Resurgent older cities outpaced retirement favorites Miami (No. 82) and Tucson (No. 103) in the U.S. News and World Report study, with high housing costs dragging down Miami’s ranking and low health care availability hurting Tucson’s. The AARP Livability Index, which measures the quality of amenities and services in communities across the country on a 100-point scale, scores Cincinnati (59), Buffalo (58) and Columbus (58) comparably to Miami (56), Fort Lauderdale (55) and Orlando (55).

spinner image a Buffalo resident tries to extricate his vehicle from snow
Living in Buffalo does have its challenges, as residents learned anew in January 2024.
AP Photo/Carolyn Thompson

Sunshine, low taxes still big draws

Besides housing costs, the inflation surge of 2021–2022 may be playing a role in the shift toward areas that have something to offer retirees at a lower price.

“Higher inflation freaks people out,” says Jeremy Kisner, a partner in the Phoenix office of Corient, a wealth management firm. “People wonder about whether their money will last long enough.”

Much as that may play in revitalizing Rust Belt cities’ favor, the usual Sun Belt suspects remain the most popular places for people to put down fresh roots after punching out of the workaday world, studies show.

Florida is still the No. 1 destination state for retirees in Hire A Helper’s annual report, which uses U.S. Census Bureau survey data to track relocations.
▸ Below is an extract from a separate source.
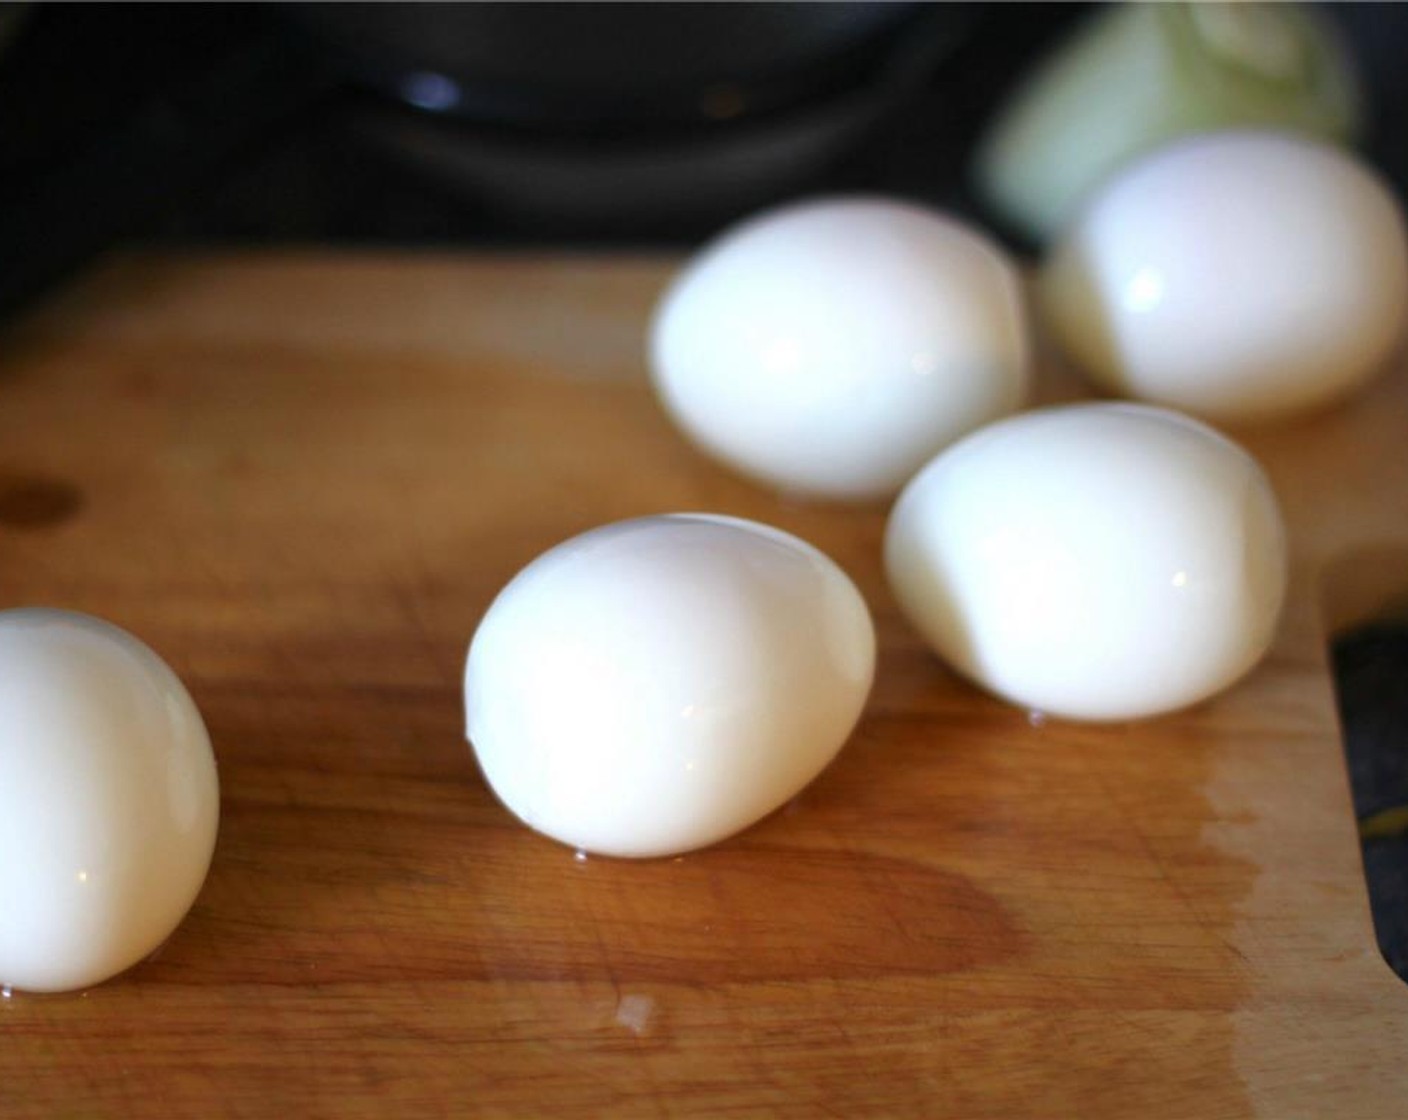 Schritt 1 Wasser in einem Topf zum Kochen bringen, Eier (4) hinzufügen und für 8 Minuten kochen, bis sie hart gekocht sind. Die Eier anschliessend unter kaltem Wasser abspülen und zum vollständigen Abkühlen in den Kühlschrank stellen.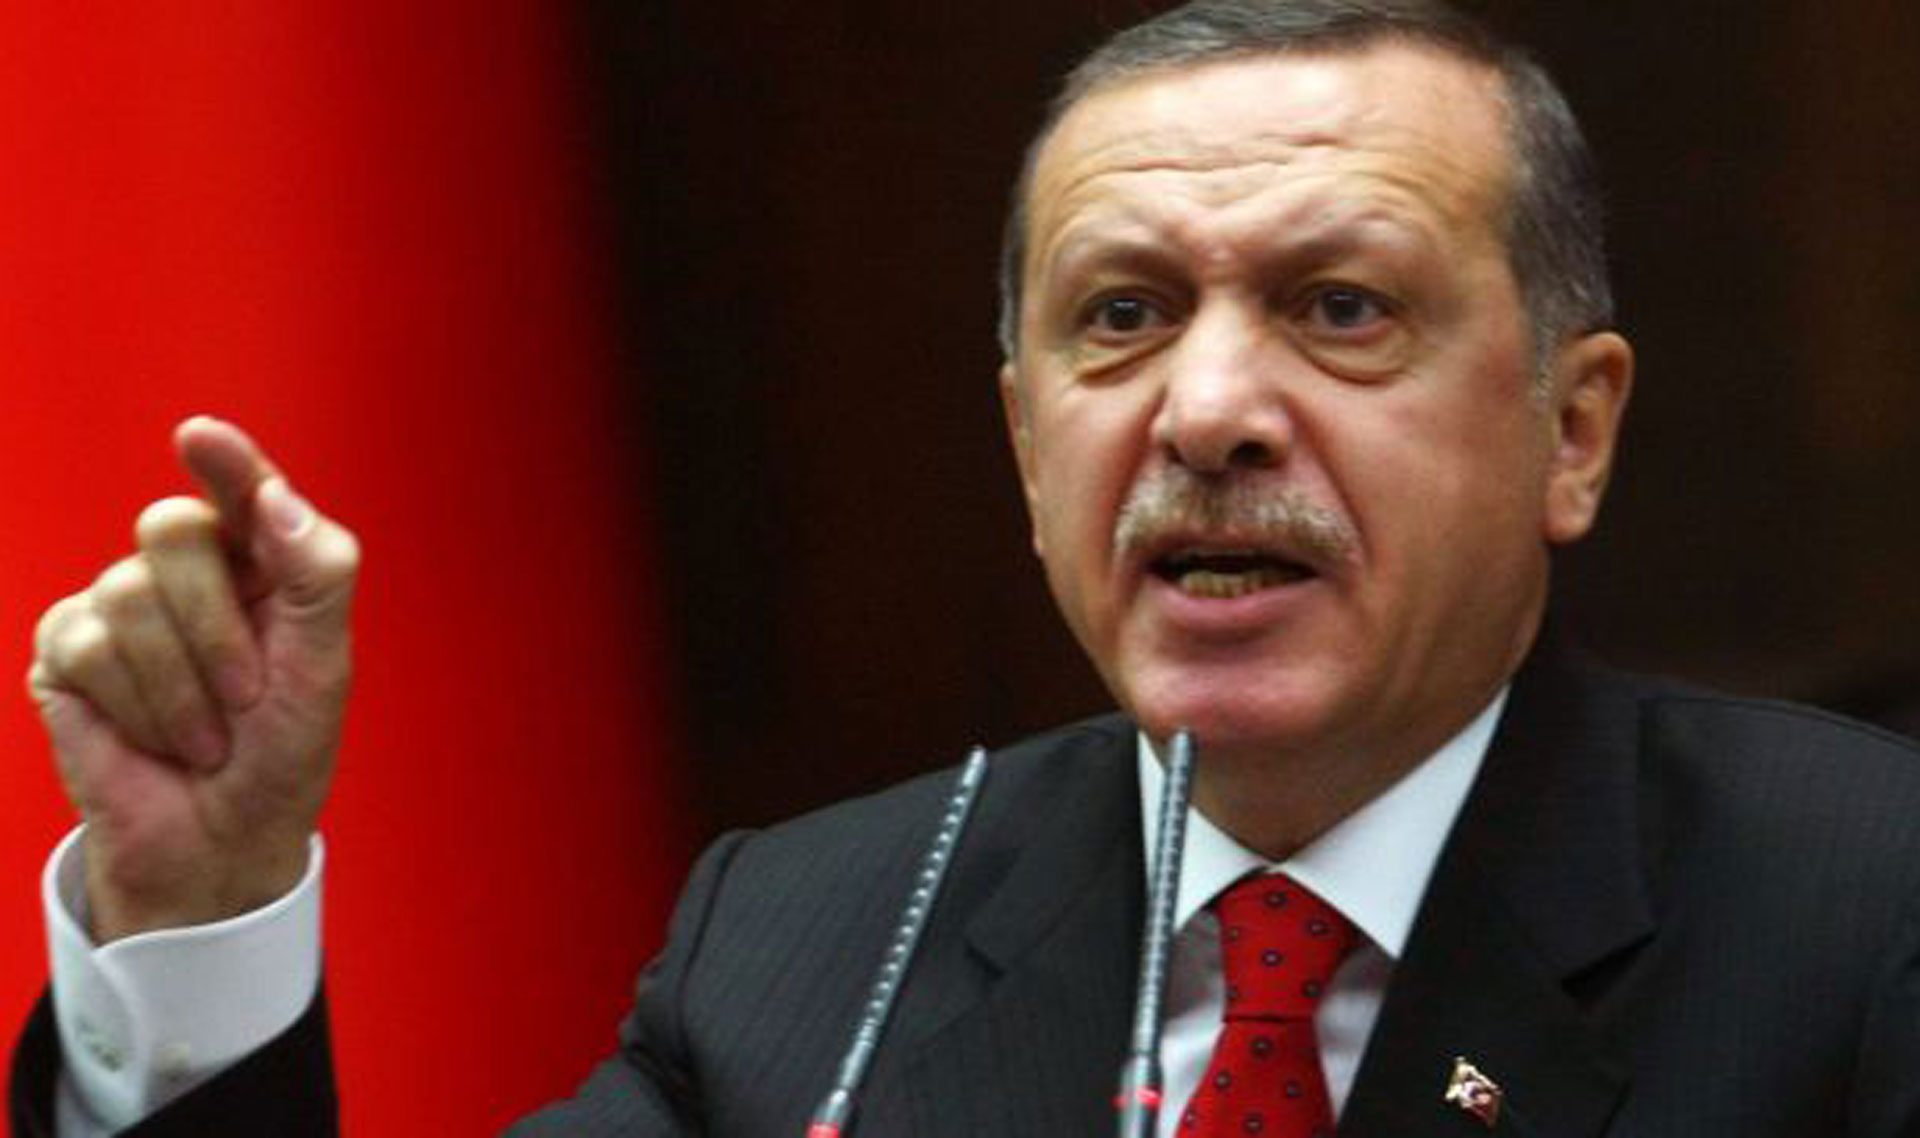 Писатель, поймавший Эрдогана на фальшивке, найден мертвым

The Sunshine State drew 11 percent of retirees making interstate moves in 2023. Another warm weather state, South Carolina, came in second, with 10 percent. The four most popular metro areas were all in Florida and Texas.

To Kisner, those findings suggest that even the slight shift toward older and colder cities is an aberration, or a mini trend that isn’t unsustainable.

“The bigger story for me," he says, "is all the retirees moving out of high-tax areas and heading to lower-tax, lower-cost regions like Florida or Texas,” neither of which have a state income tax. California and New York, which have the highest and third-highest income tax rates in the country, are also the states that saw the most retirees migrate elsewhere, per the Hire A Helper study.

Another factor that might short-circuit a retiree exodus to the Rust Belt: weather. Several professionals who work with retirees in Buffalo say the blizzards are at least as much of a deterrent to moving there as high taxes.

“I’ve lived in Southern California, Las Vegas and Phoenix. I’ve never seen anyone move to colder weather,” Kisner says. “And if they did, it was only to be close to their kids and grandkids. Everyone moves here from New York or New Jersey — and not the other way around.”